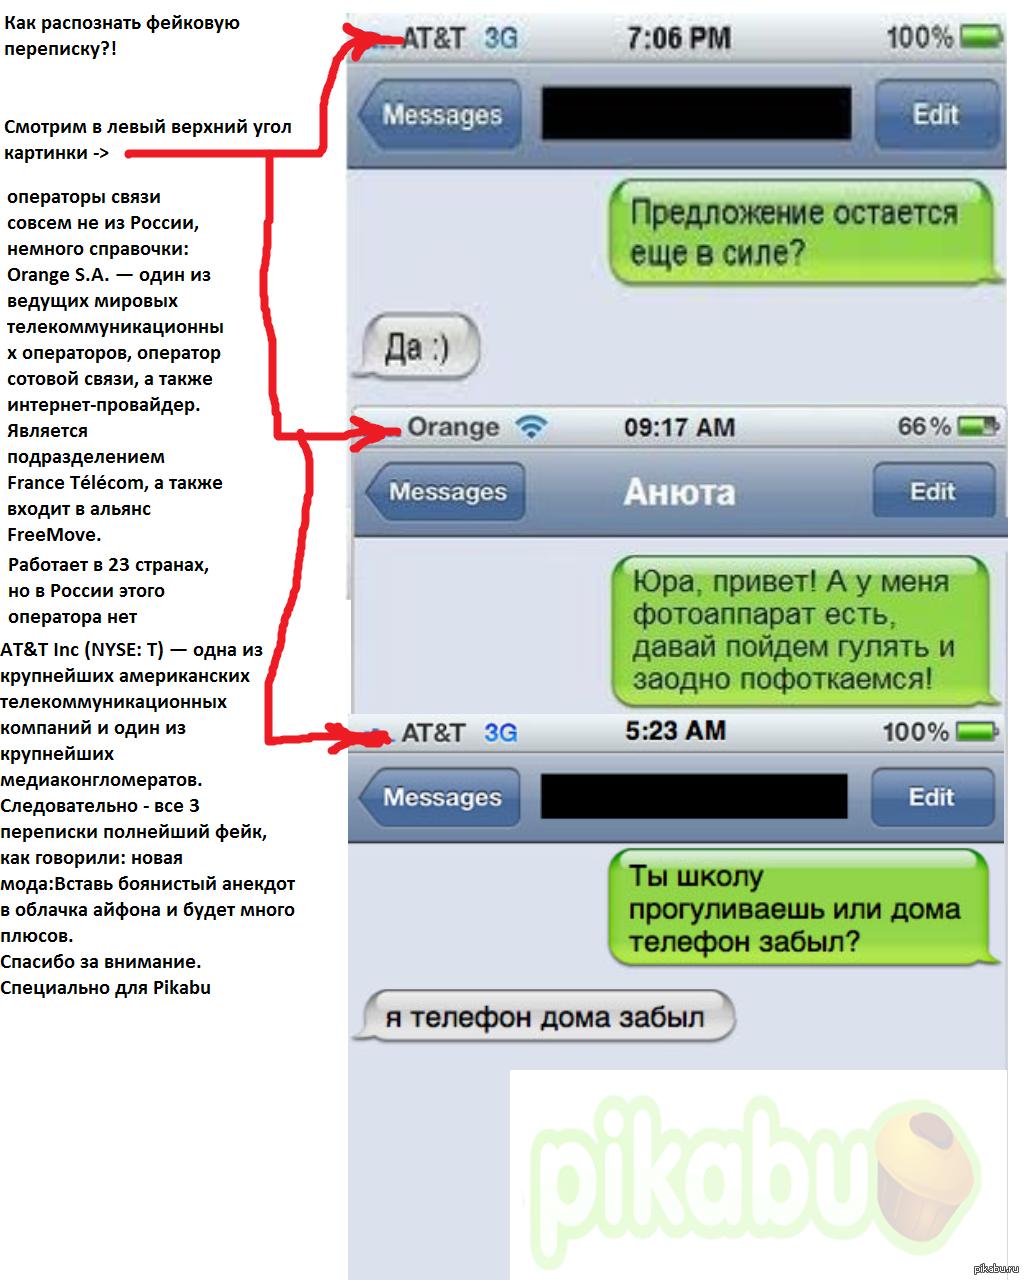 Как сделать переписки в телефоне
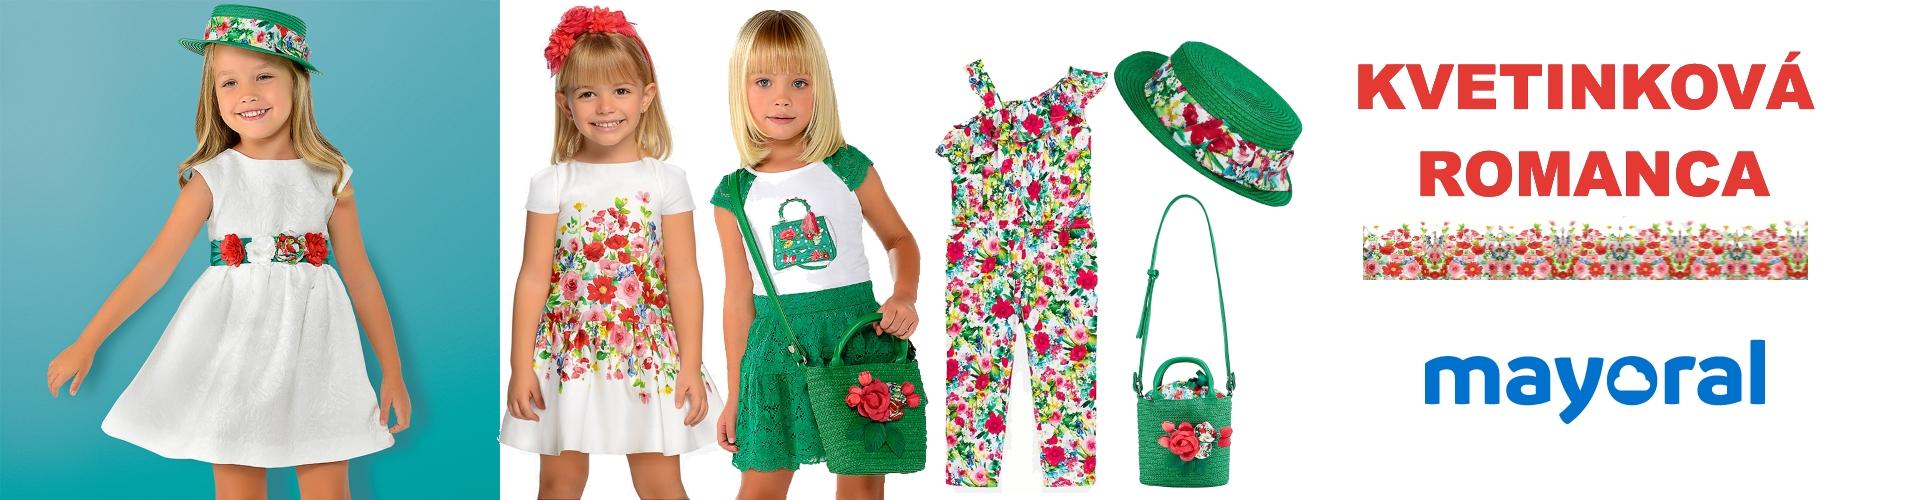 e7e63d90416d Mayoral - štýlové detské oblečenie
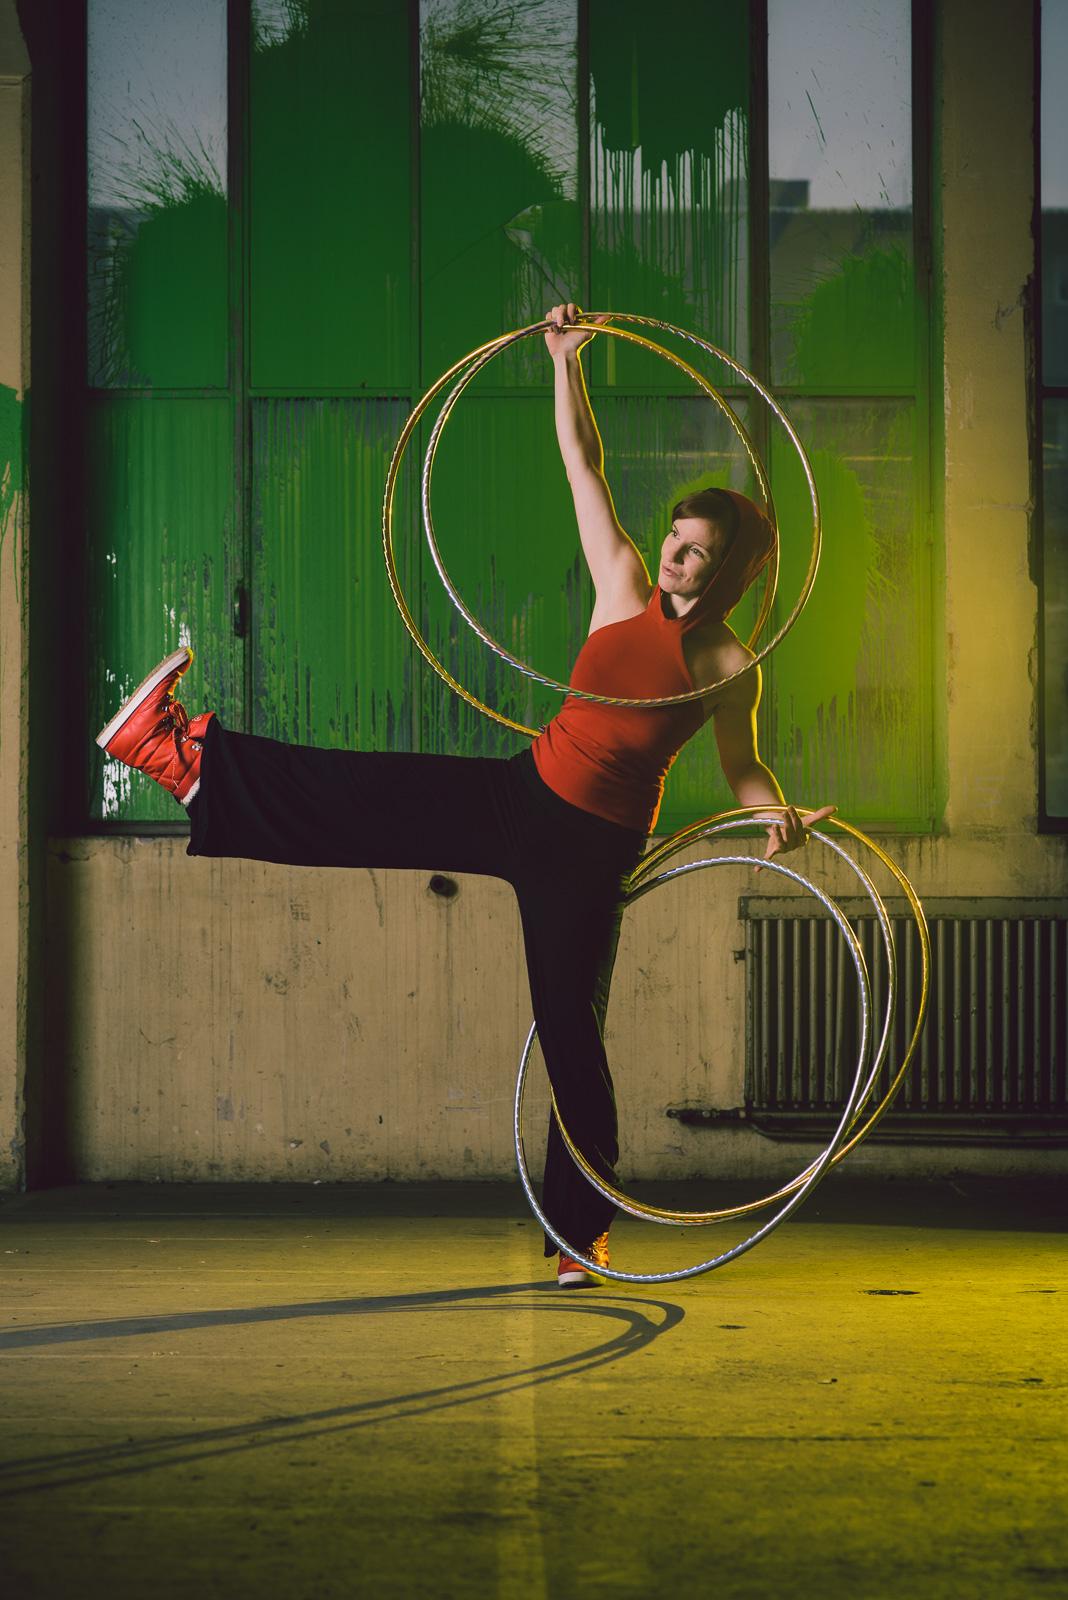 hula-hoop-shootingLY8_0854
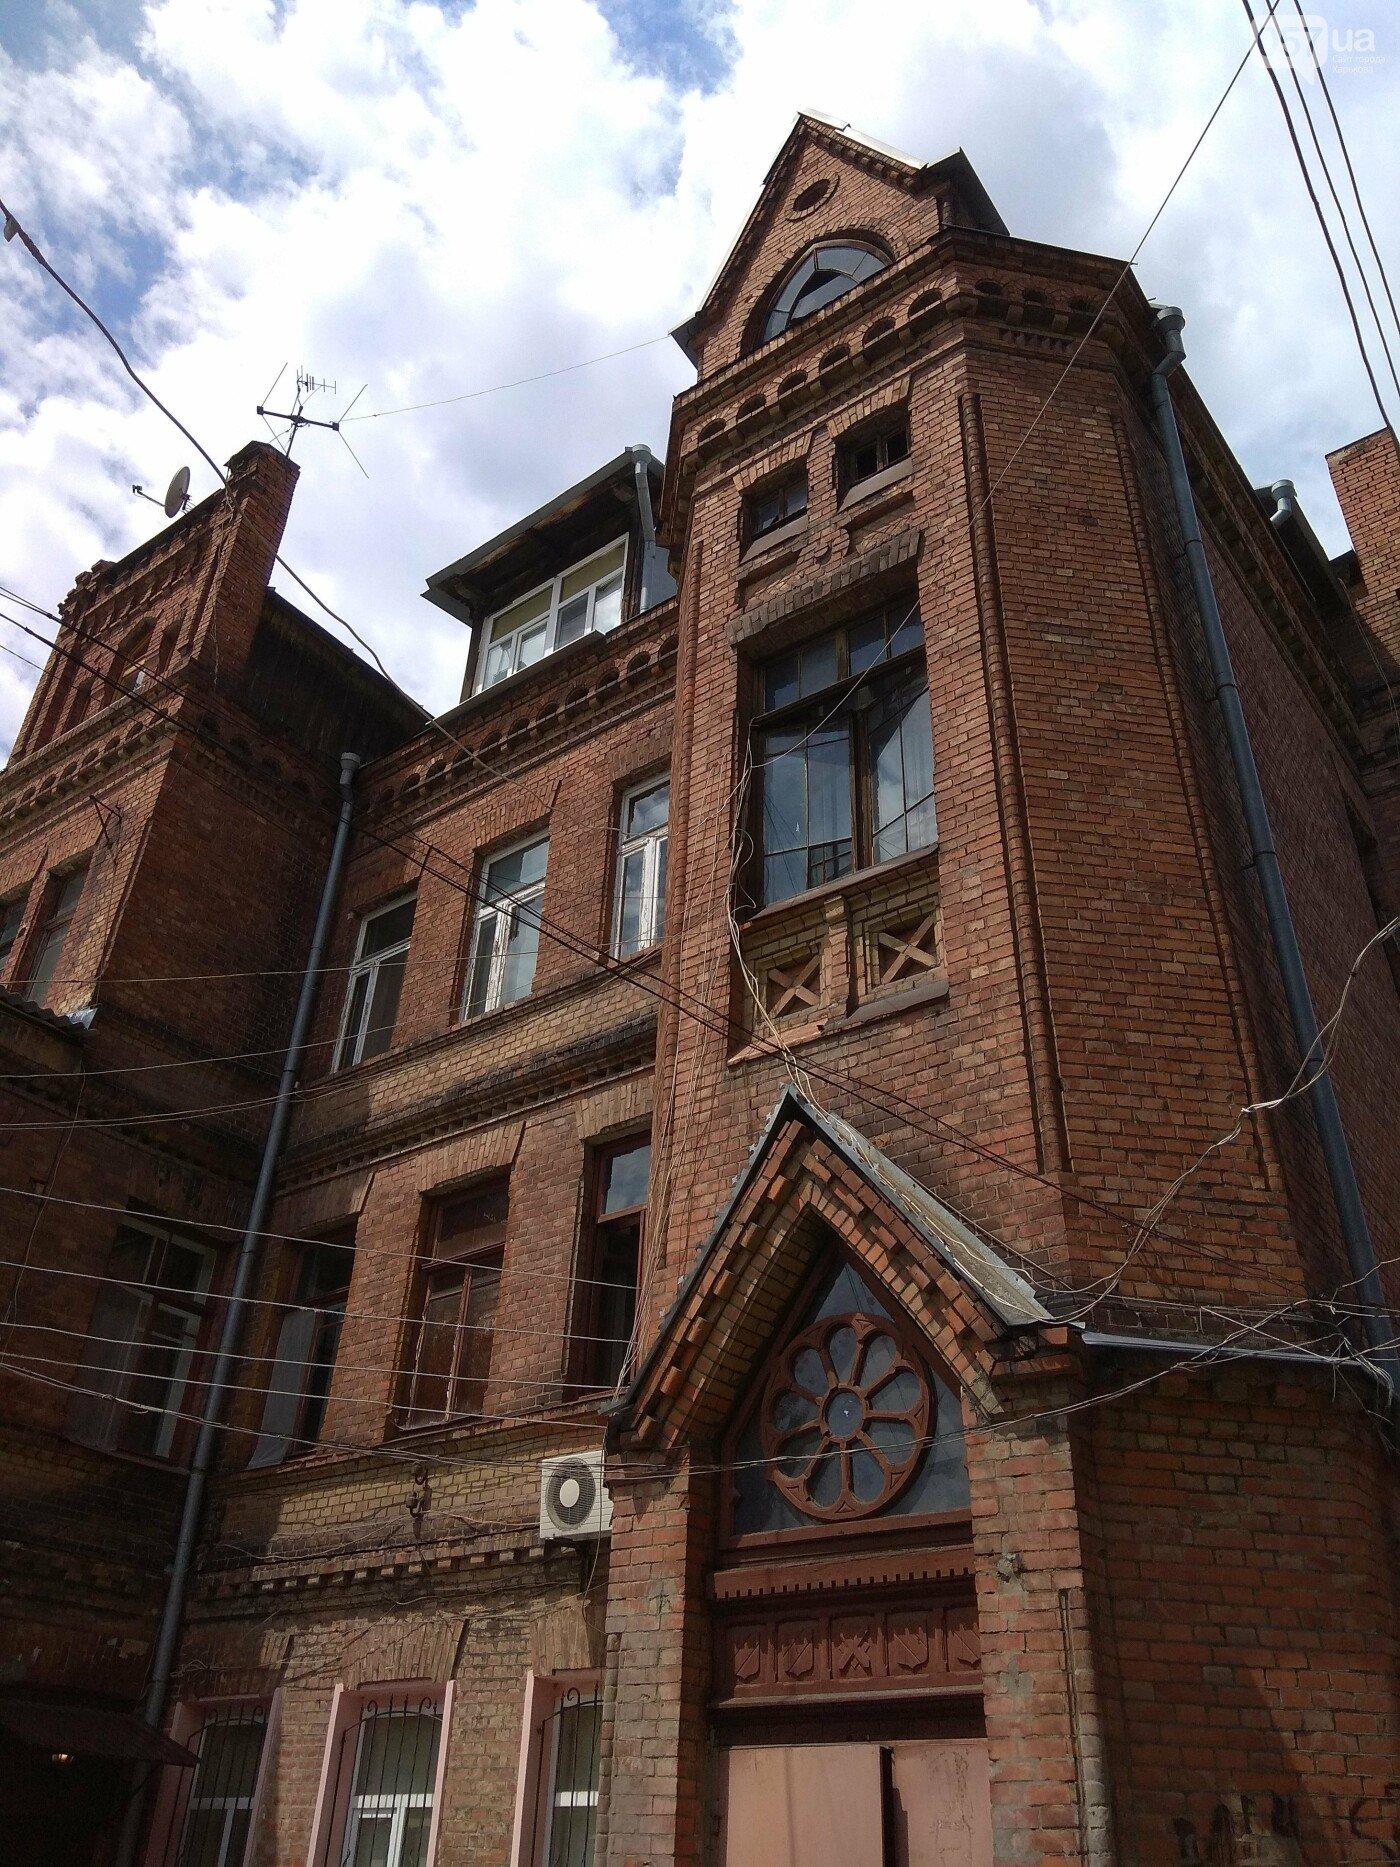 Доходные дома, бордели, и купеческий замок: ТОП-5 старинных зданий Харькова, - ФОТО, фото-8

*EXERCISE DETAILS*: Since the pictures are not part of the copy, transcribe only the remaining material, exactly.

*OUTPUT BELOW*:
 Как сделать переписки в телефоне
 e7e63d90416d Mayoral - štýlové detské oblečenie
 hula-hoop-shootingLY8_0854
 Доходные дома, бордели, и купеческий замок: ТОП-5 старинных зданий Харькова, - ФОТО, фото-8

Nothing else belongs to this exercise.